> What is expected: The data below is to be written out exactly, with no pictures.

> Dataset extract:
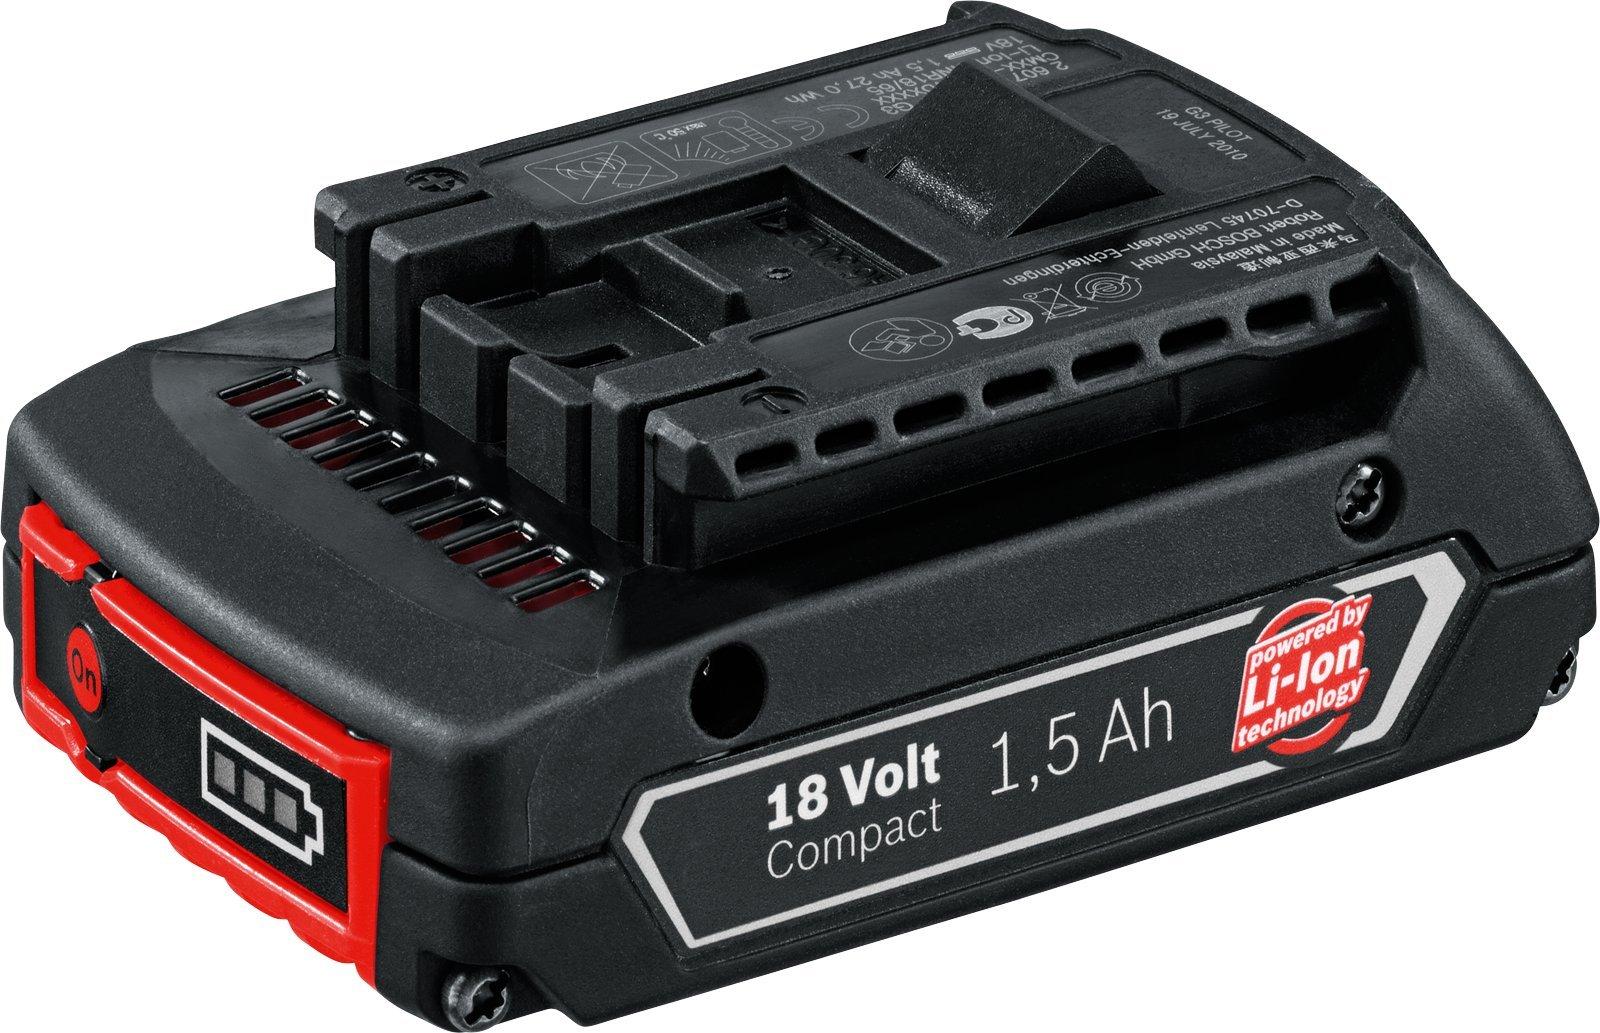 Bosch-Professional-GBH-18-V-LI-Compact-Akku-Bohrhammer-mit-2-x-30-Ah-Li-Ion-Schlagenergie-1-J-19-kg-L-BOXX-1-Stck-0611905303
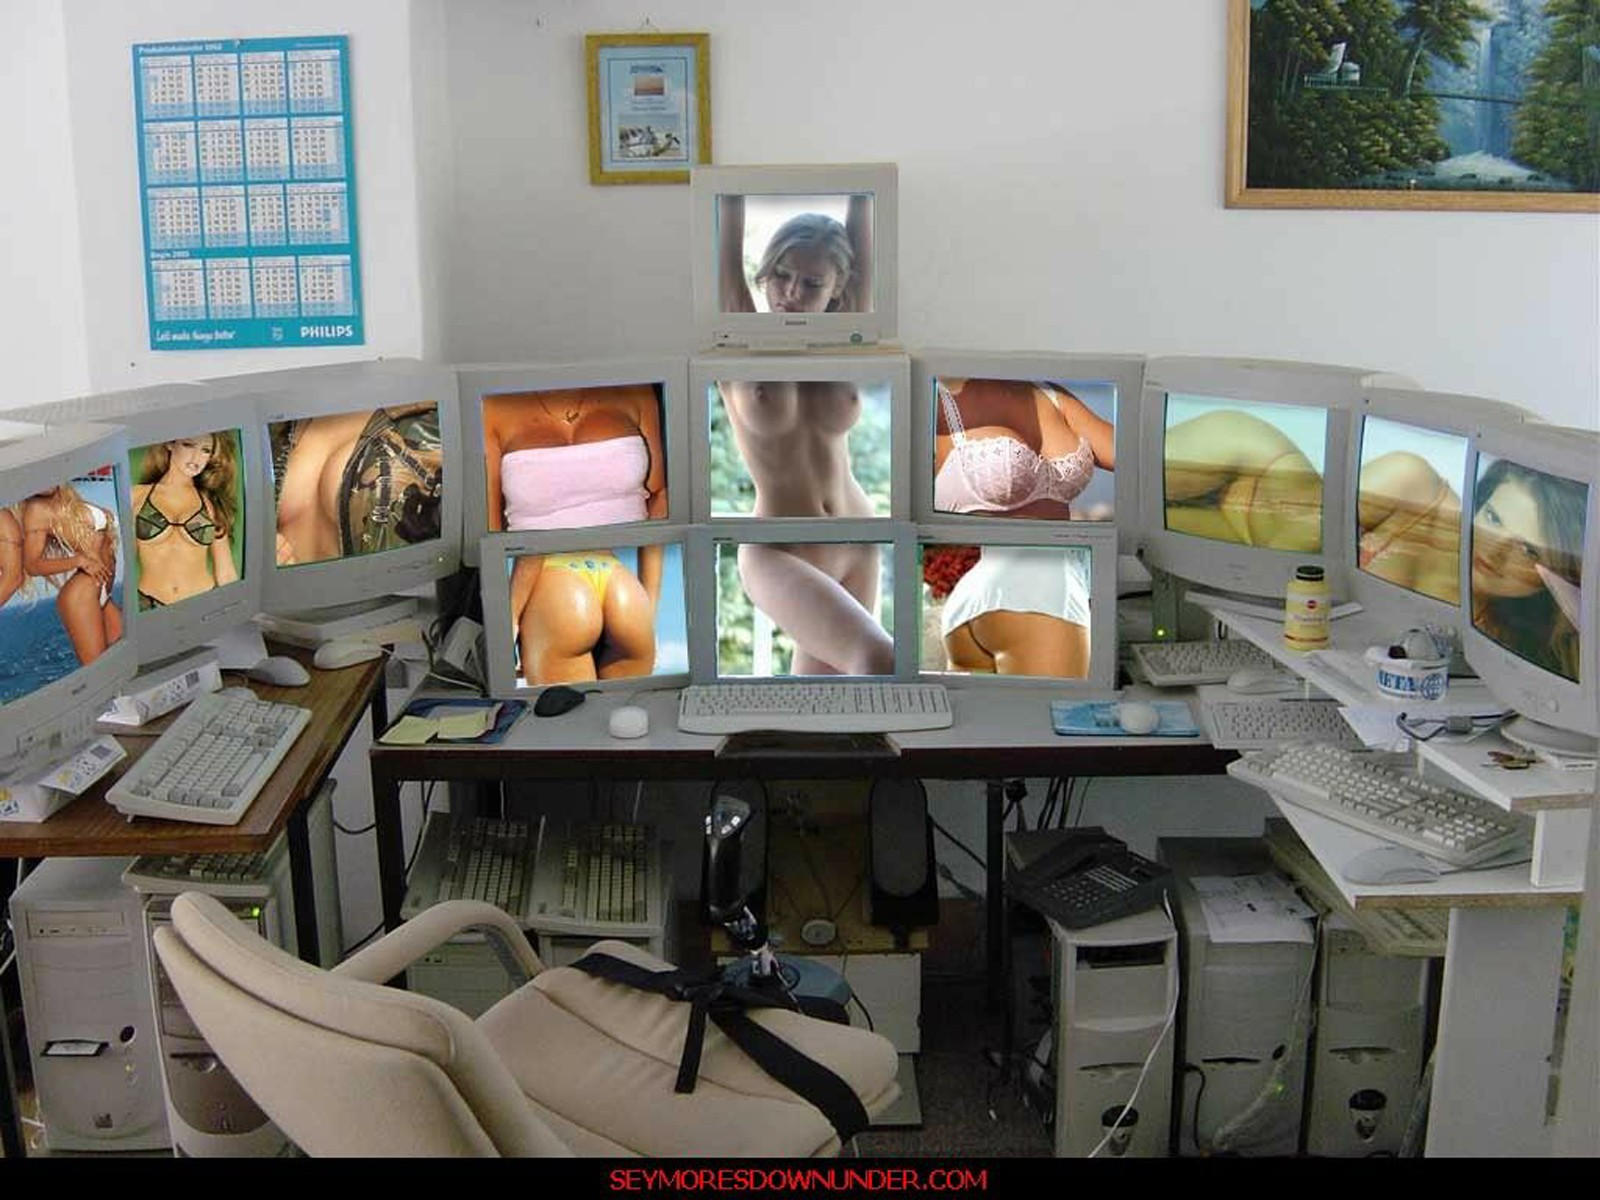 Голые девушки на экранах
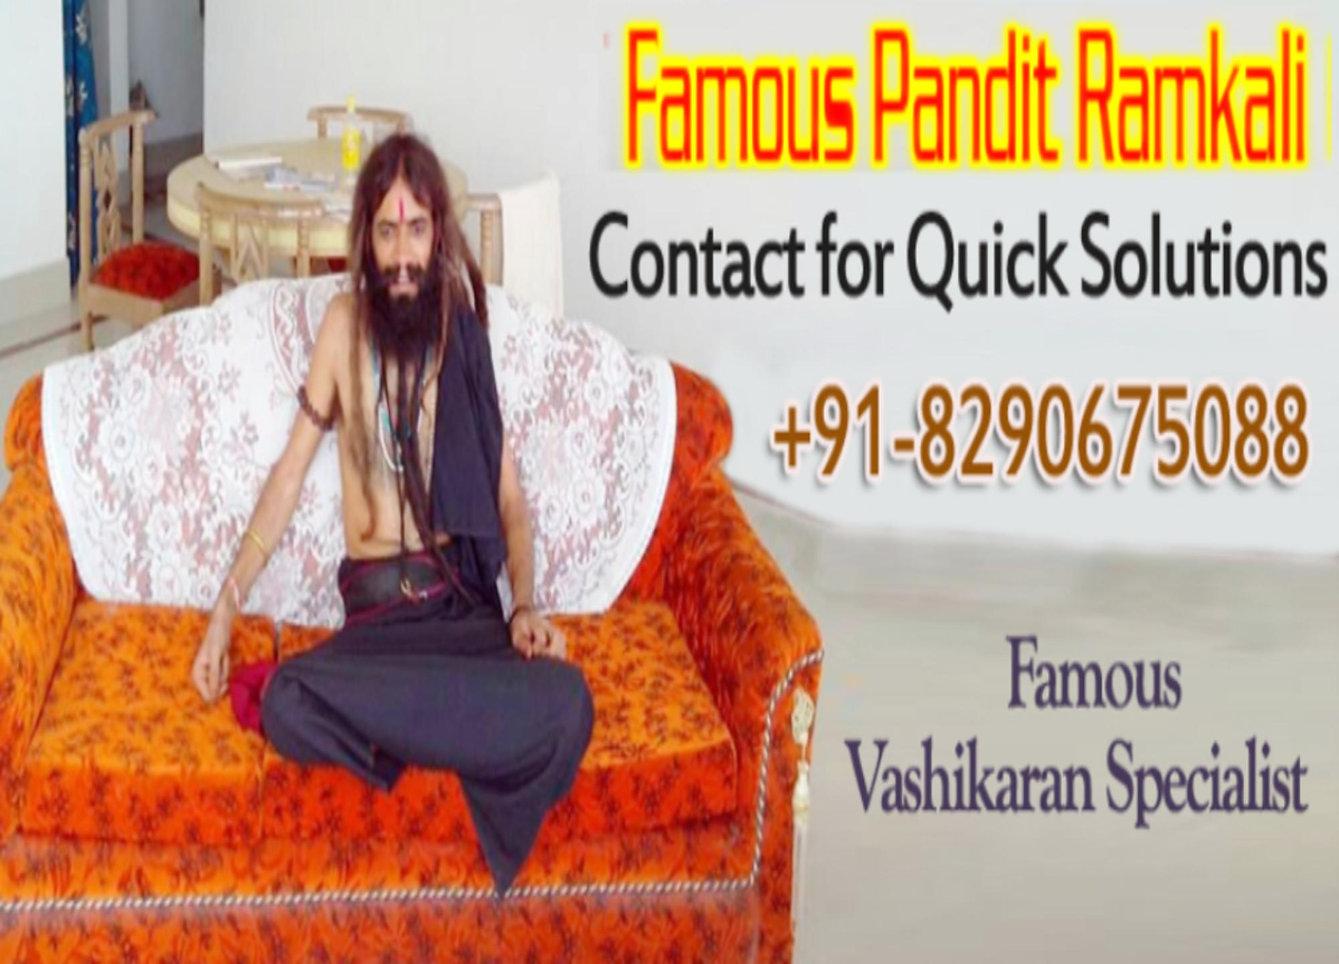 Vashikaran-Specialist-Pandit (3).jpg

> Answer section:
 Bosch-Professional-GBH-18-V-LI-Compact-Akku-Bohrhammer-mit-2-x-30-Ah-Li-Ion-Schlagenergie-1-J-19-kg-L-BOXX-1-Stck-0611905303
 Голые девушки на экранах
 Vashikaran-Specialist-Pandit (3).jpg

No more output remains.